At the line with "Coffret outils multifonctions", start transcribing; stop after the last line of the data below. Keep it exact and leave pictures out.

** Information shown **
- - -

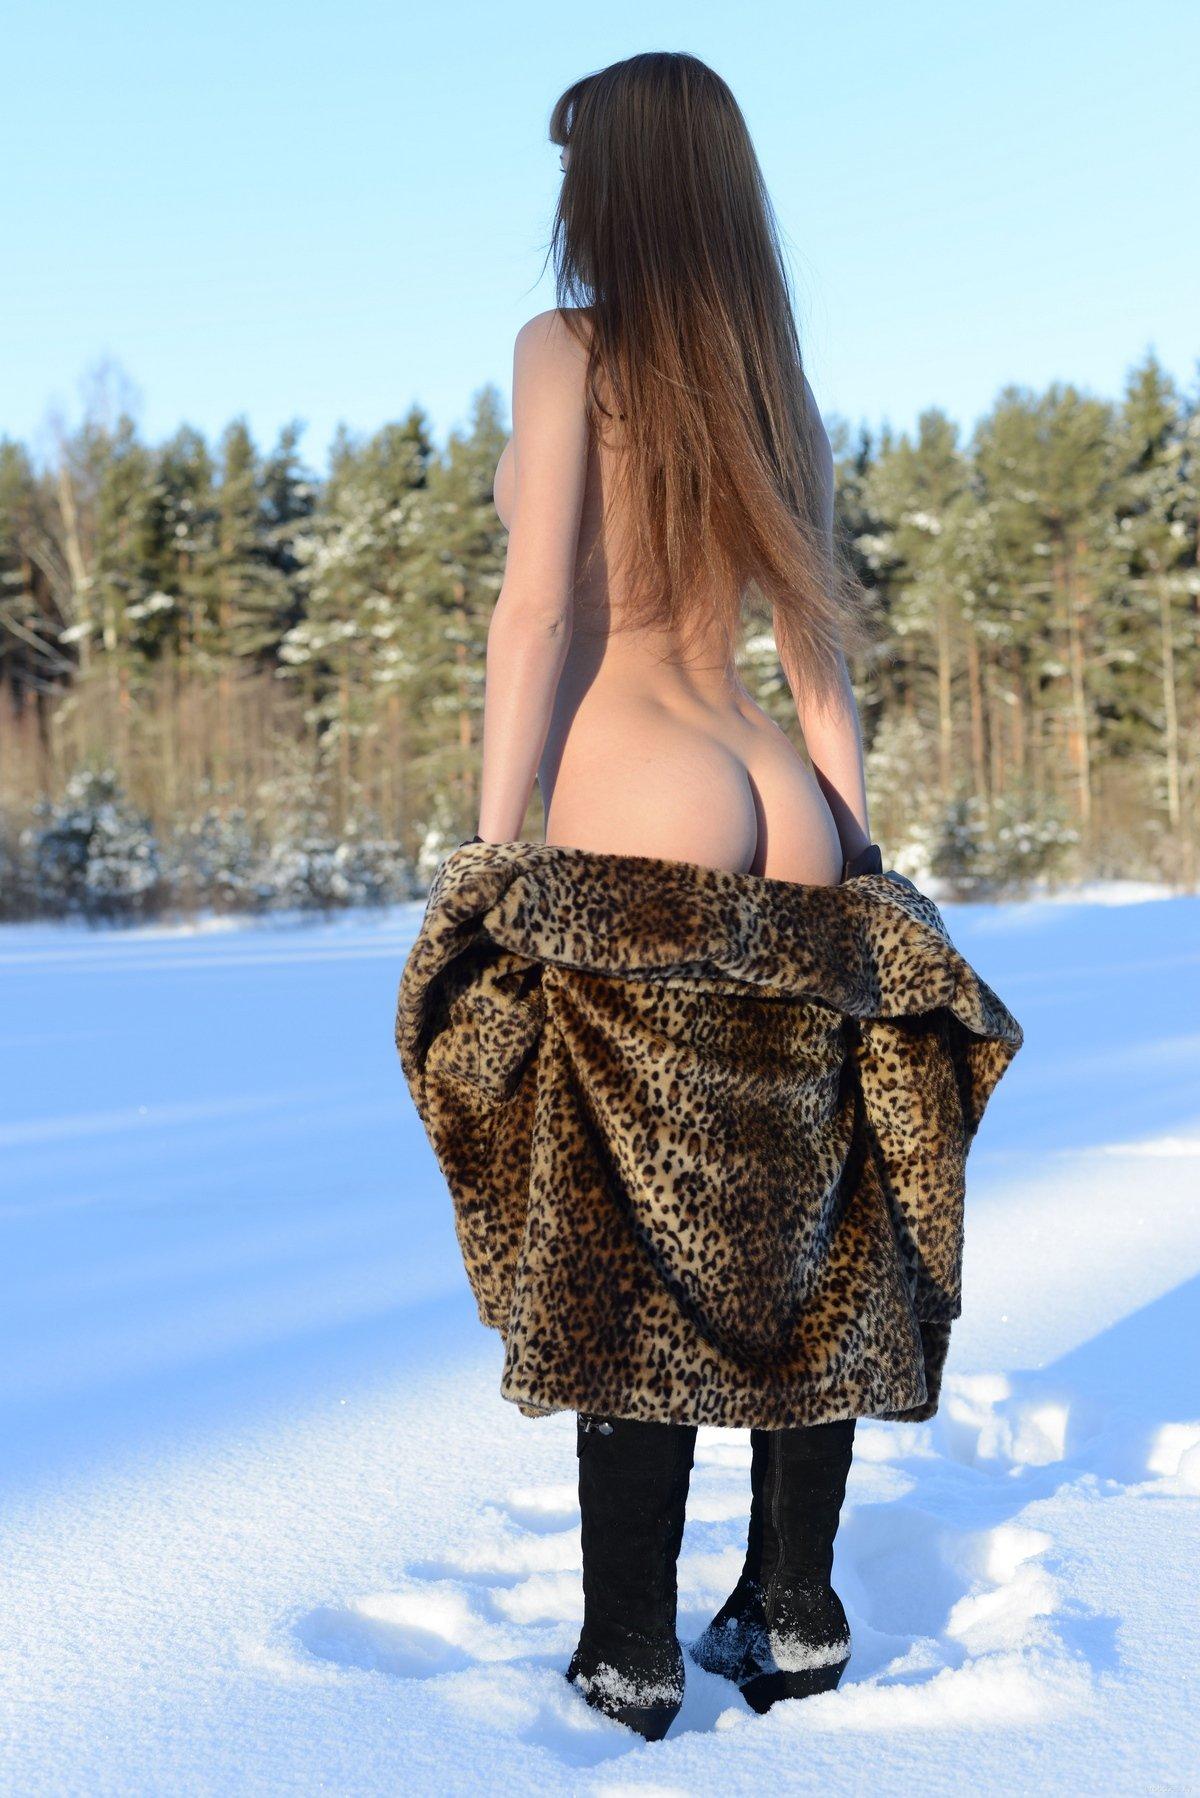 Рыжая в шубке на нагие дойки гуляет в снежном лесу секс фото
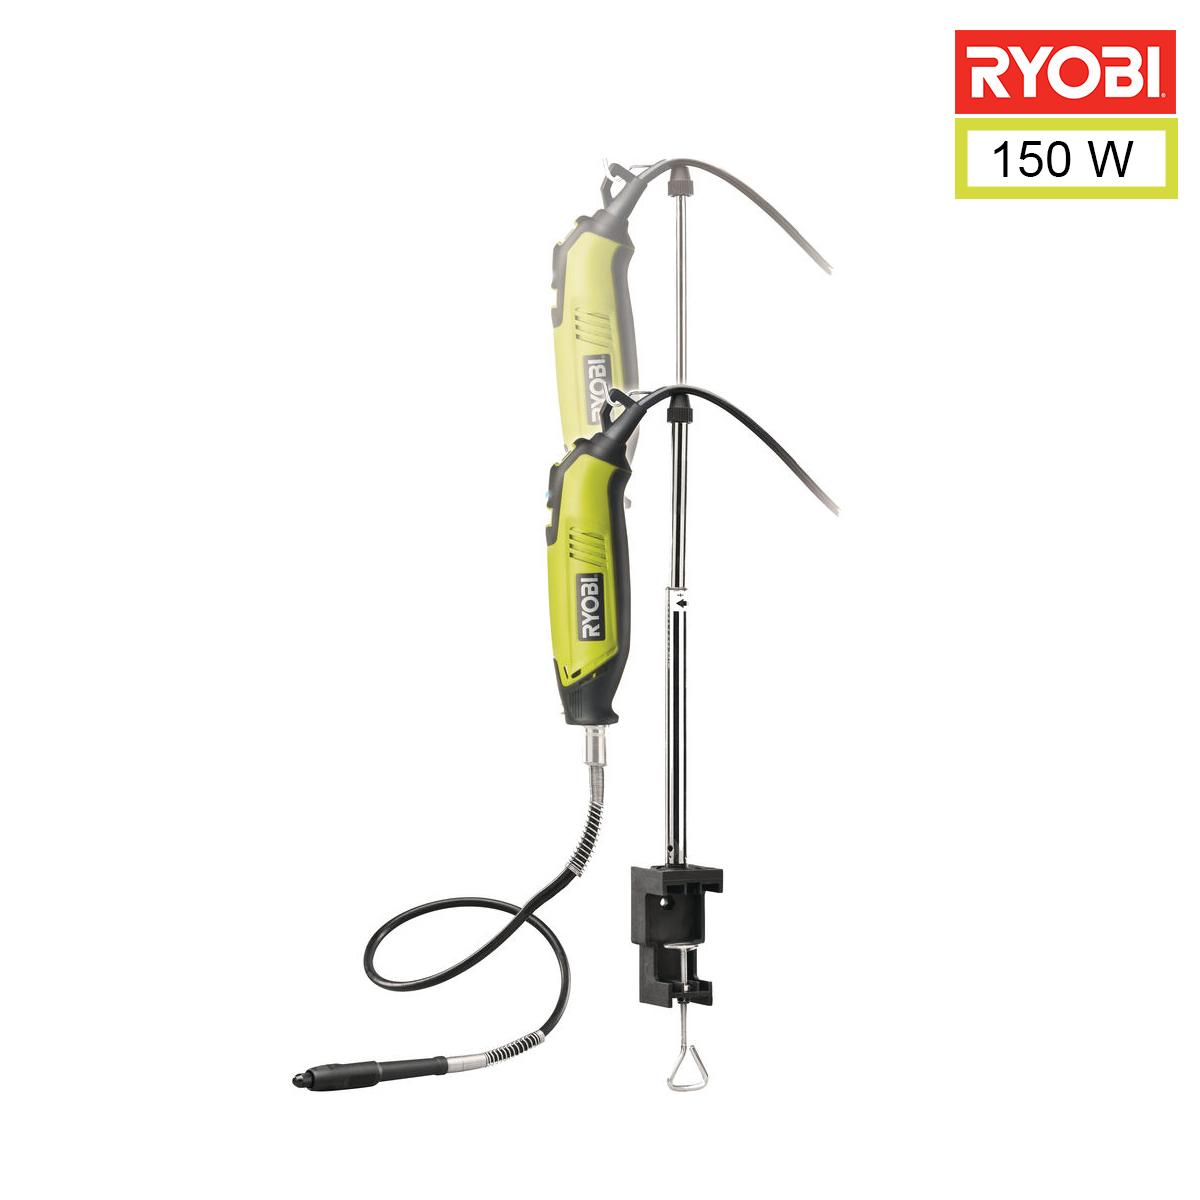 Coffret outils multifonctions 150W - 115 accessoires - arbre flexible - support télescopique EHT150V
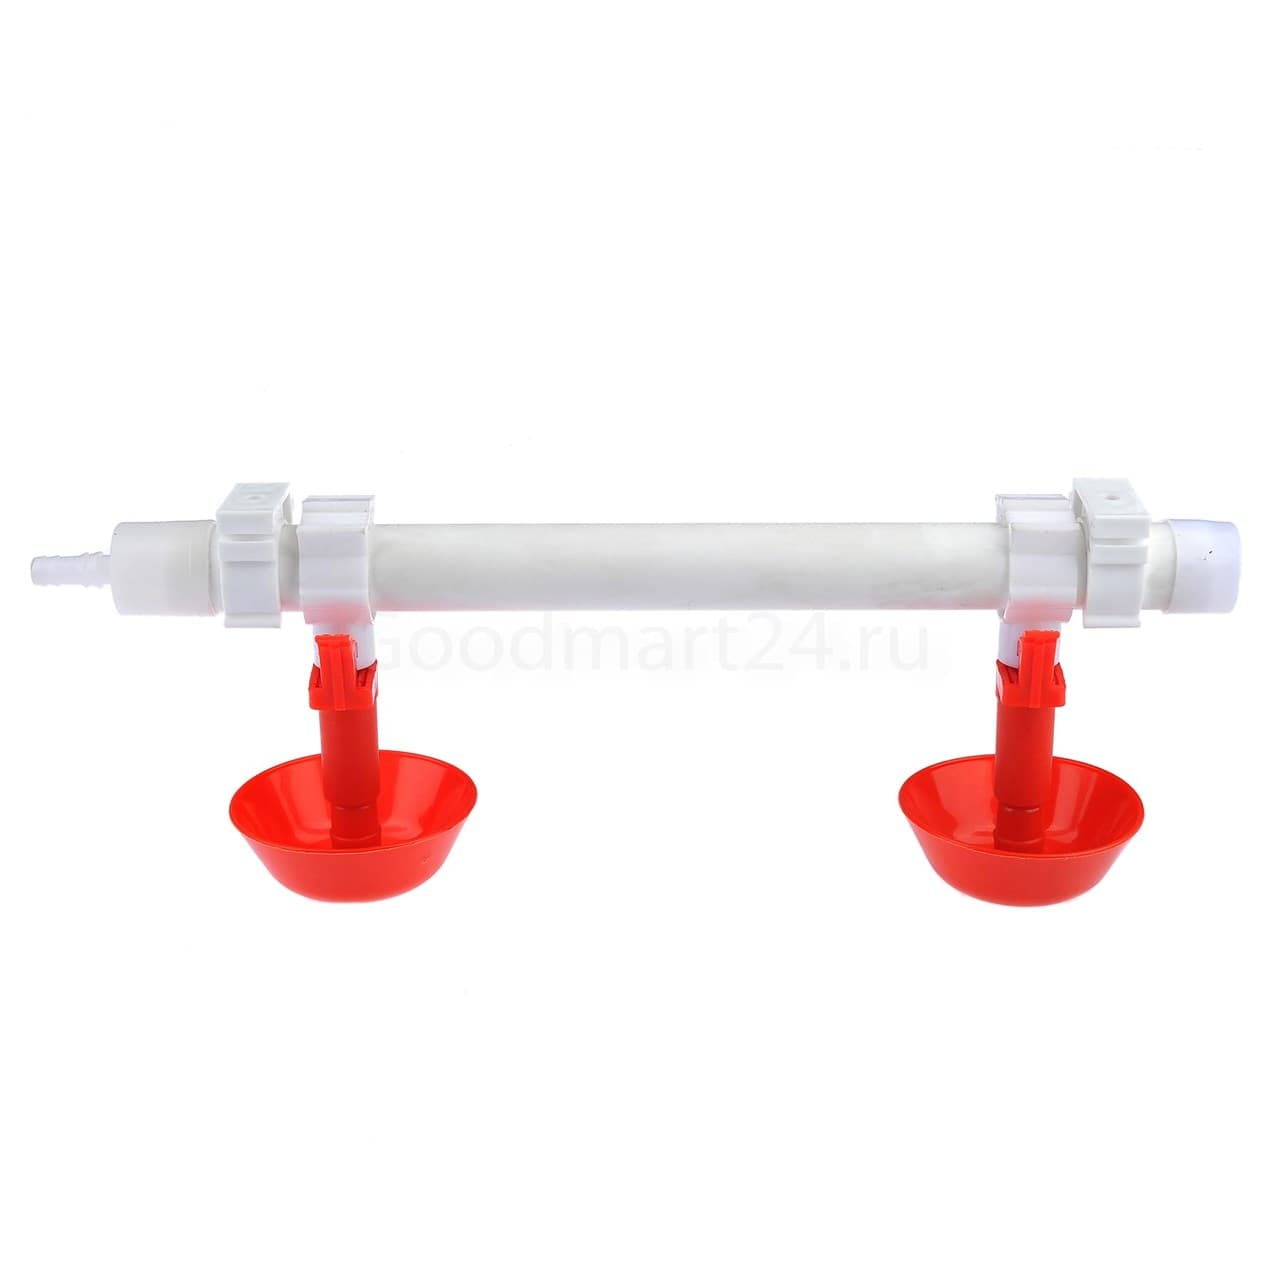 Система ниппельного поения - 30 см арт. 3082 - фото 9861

- - -

** Expected output **
 Coffret outils multifonctions 150W - 115 accessoires - arbre flexible - support télescopique EHT150V
 Система ниппельного поения - 30 см арт. 3082 - фото 9861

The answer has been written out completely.